» What you need to do
Everything from the line holding "Romantic Beach Wedding Photography" through the last line of the data, and nothing else, should be retyped exactly, with no pictures.

» Provided material
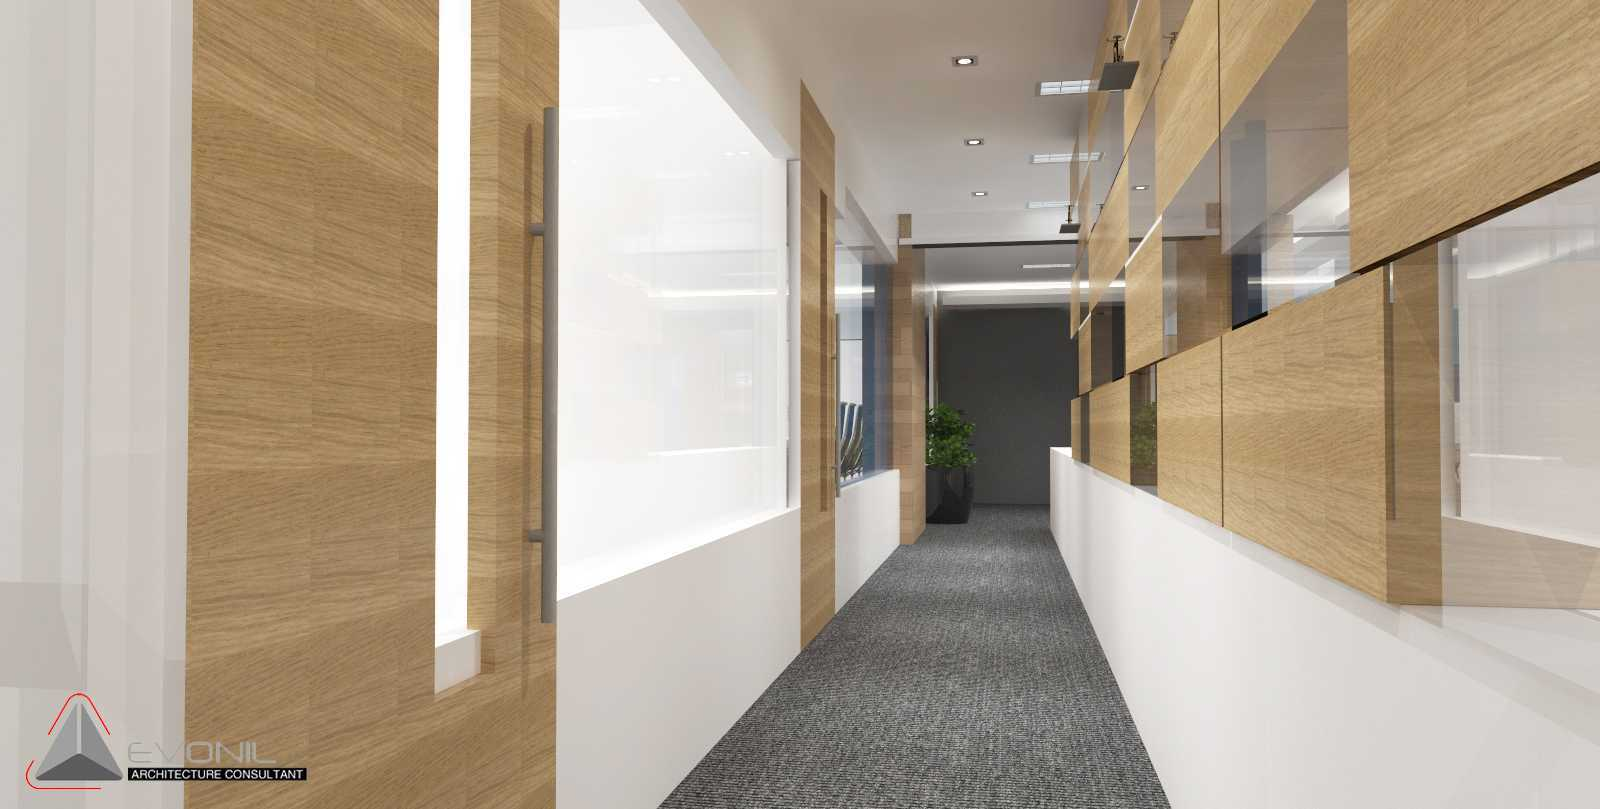 Evonil Architecture Unisat Group Office - Wisma Aldiron Gatot Subroto Jakarta, Daerah Khusus Ibukota Jakarta, Indonesia Jakarta, Daerah Khusus Ibukota Jakarta, Indonesia Evonil-Architecture-Unisat-Group-Office-Wisma-Aldiron-Gatot-Subroto  77978
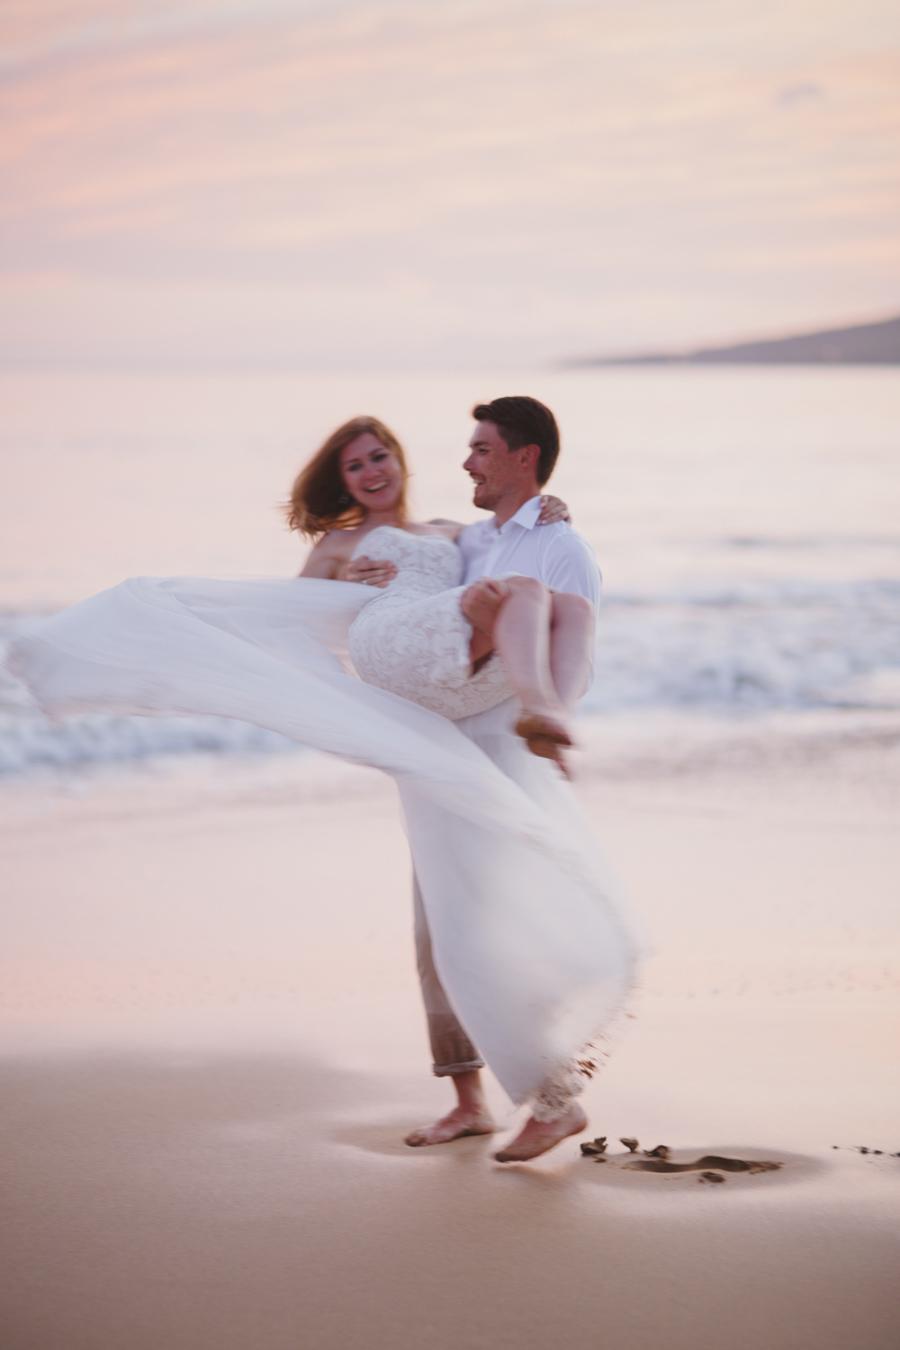 Romantic Beach Wedding Photography
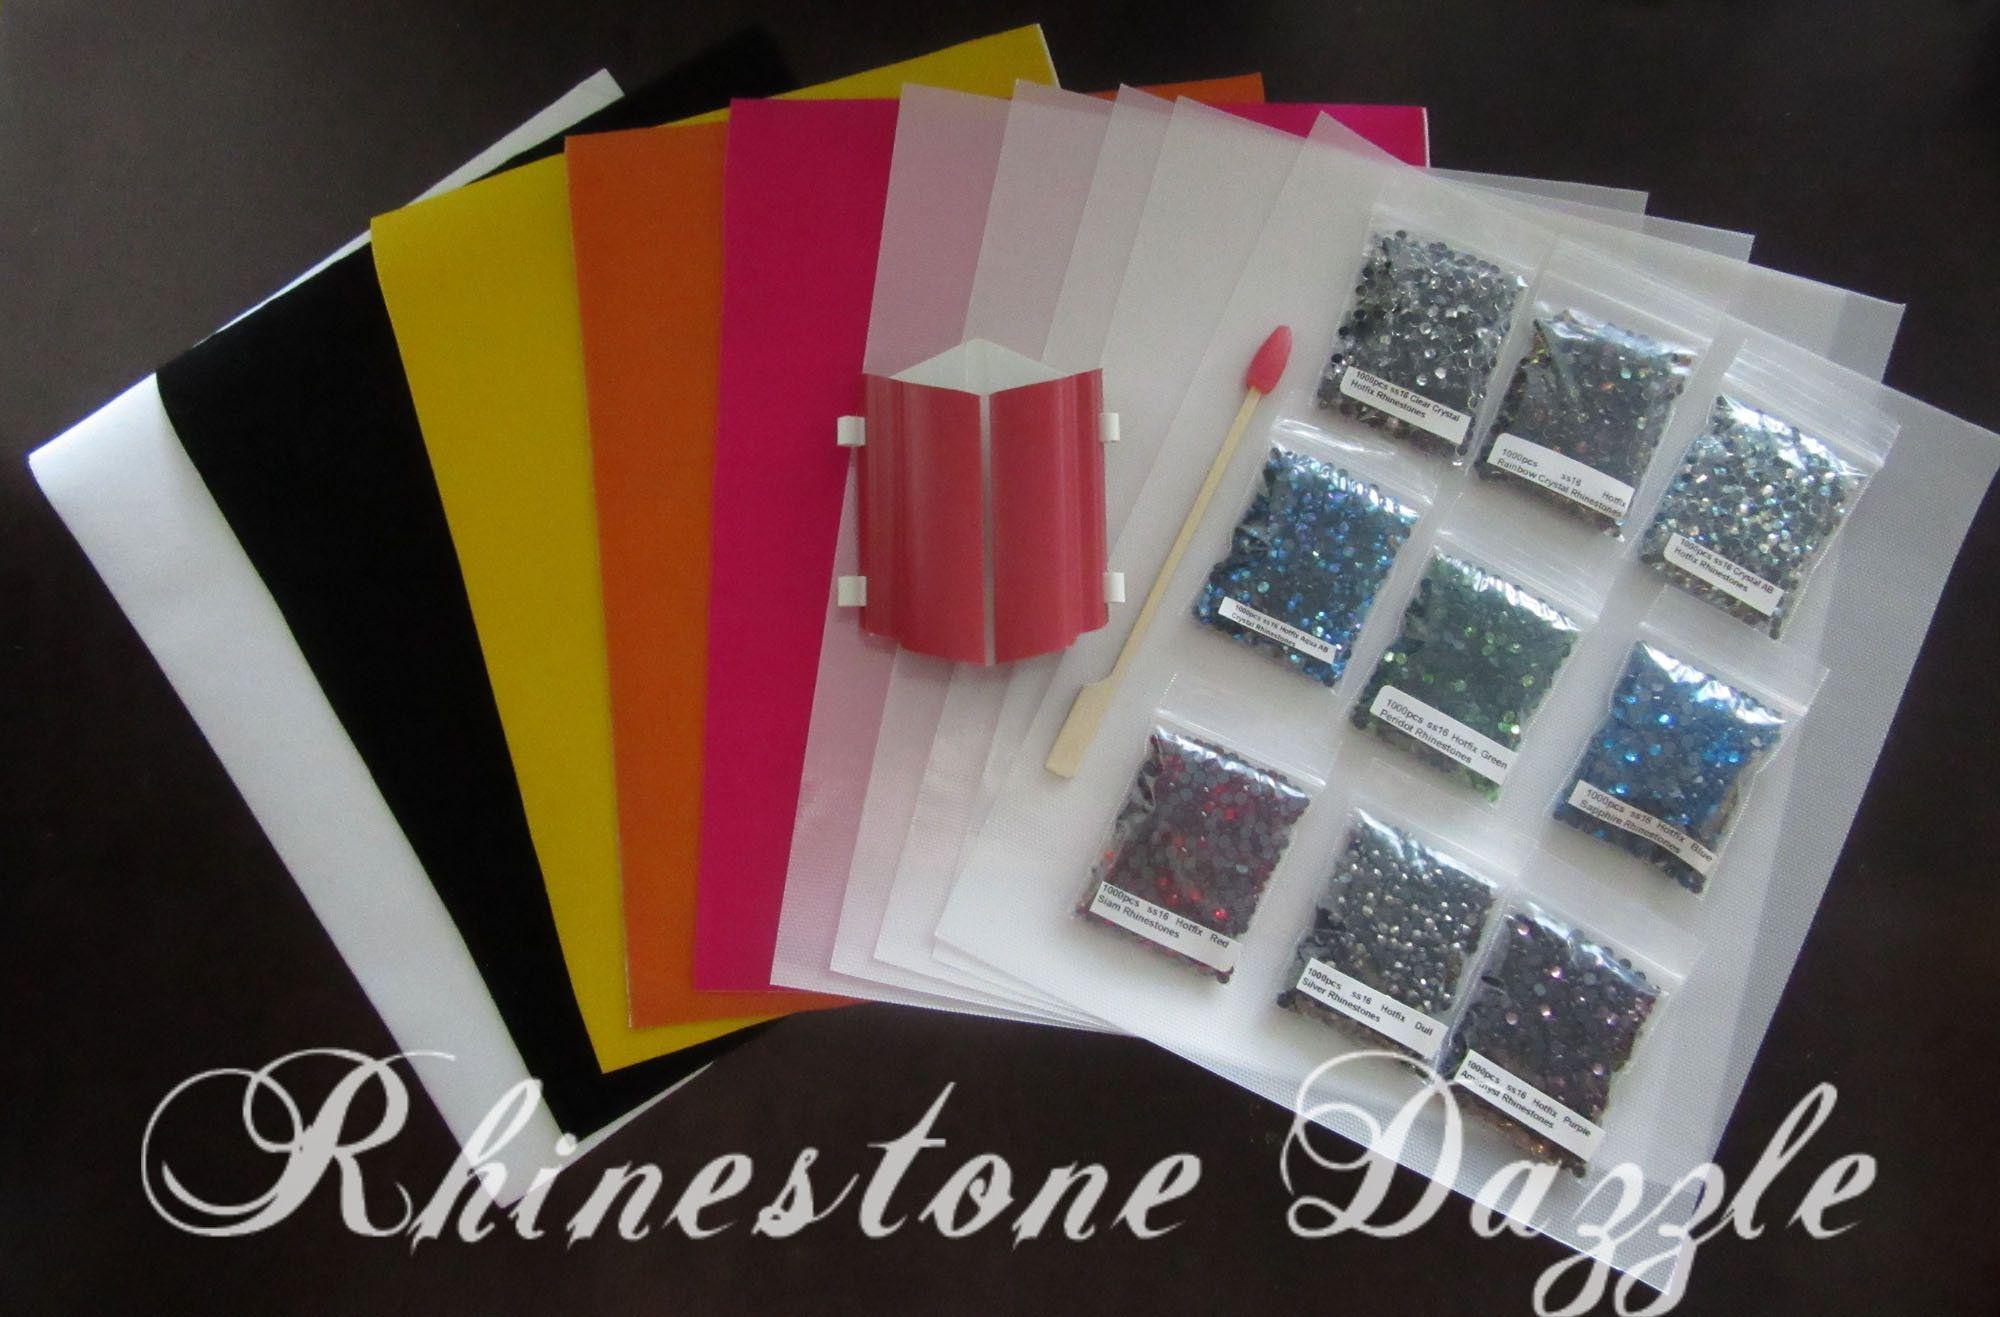 3000pcs Ss16 Hotfix Crystal Rhinestones Sticky Flock Template Etsy Rhinestone Transfers Design Rhinestone Sticker Crystal Rainbow

» Exercise output
 Romantic Beach Wedding Photography
 3000pcs Ss16 Hotfix Crystal Rhinestones Sticky Flock Template Etsy Rhinestone Transfers Design Rhinestone Sticker Crystal Rainbow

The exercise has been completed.